This observation can be attributed to the use of the sigmoid activation function in one of the encoder layers of this model. The sigmoid function, commonly denoted as σ(x) is mathematically defined as f(x) = 1 / (1 + e-x). This sigmoid function squashes its real-valued input to a value between 0 and 1 on the y-axis. As the sigmoid function asymptotically approaches 0 for large negative inputs and 1 for large positive inputs, it effectively normalizes the output of each neuron. This is why sigmoid is used a lot in models where we have to predict the binary probability of an output as a yes or a no. Another interesting characteristic is how it has a smooth gradient which prevents jumps in output values.
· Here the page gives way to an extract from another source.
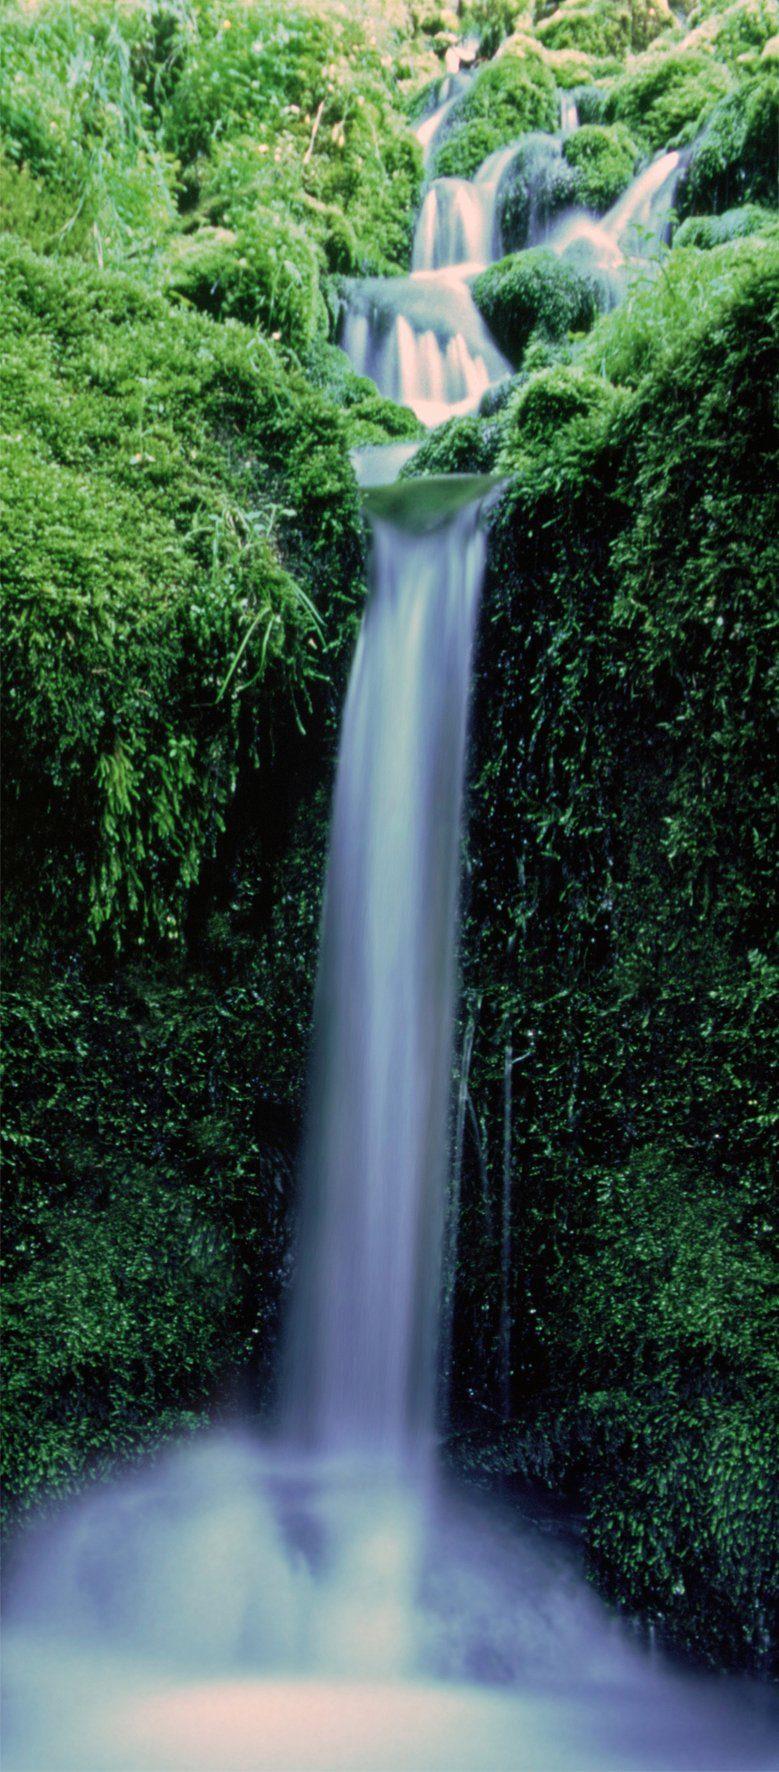 PAPERMOON Fototapete »Zaragoza Falls - Türtapete«, Vlies, 2 Bahnen, 90 x 200 cm

The sigmoidal characteristics of the activation function may contribute to Model 1 producing lower scores for each movie it recommends compared to the other models. This observation suggests that direct comparisons of scores between different models may be inherently flawed. For a more comprehensive evaluation, the training histories of the other models are presented as follows:

The impact of the SELU activation function is evident in the graphs, as it facilitates internal self-normalization of its inputs, potentially enabling the model to converge more rapidly without relying on batch normalization. In contrast, the use of the sigmoid activation function may be considered less optimal in this context. While sigmoid functions have traditionally been employed for classification works, along with hyperbolic tangent and softmax, their use in this case is somewhat controversial, although it’s true that historically, sigmoid were more commonly used before the advent of advanced techniques such as the Adam optimizer or He/Xavier initialization.

Yet, although our model is not designed for binary classification, we reason that employing the sigmoid activation function in the early layers of the encoder could be beneficial. This is because the sigmoid function, which maps outputs to a range between 0 and 1, can effectively indicate binary distinctions whether a movie is likeable or not. While sigmoid functions are traditionally used for binary classification tasks to produce outputs that reflect probabilities between 0 (no) and 1 (yes), in our case, we utilize it in the early layers to enhance the model’s ability to differentiate strongly between the likeability in this normalized range. In short, we liken what we do to something similar to market basket analysis, although this will need further research or proof to be certain of.

Result

To see our model predictions in practice, we will start with removing rated movies from the matrix. This can be achieved by running the following code.

model1_predictions = model1.predict(x) * (x == 0)
model2_predictions = model2.predict(x) * (x == 0)
model3_predictions = model3.predict(x) * (x == 0)
model4_predictions = model4.predict(x) * (x == 0)

With that code, if a User ID 10 has rated movies with the following IDs: 2, 3, 4, and 5, the above code will “remove” those movie IDs entirely to become:

But that “removal” is only for a User ID 10, as another user, let’s say with ID 11 may have the following frame instead, for example.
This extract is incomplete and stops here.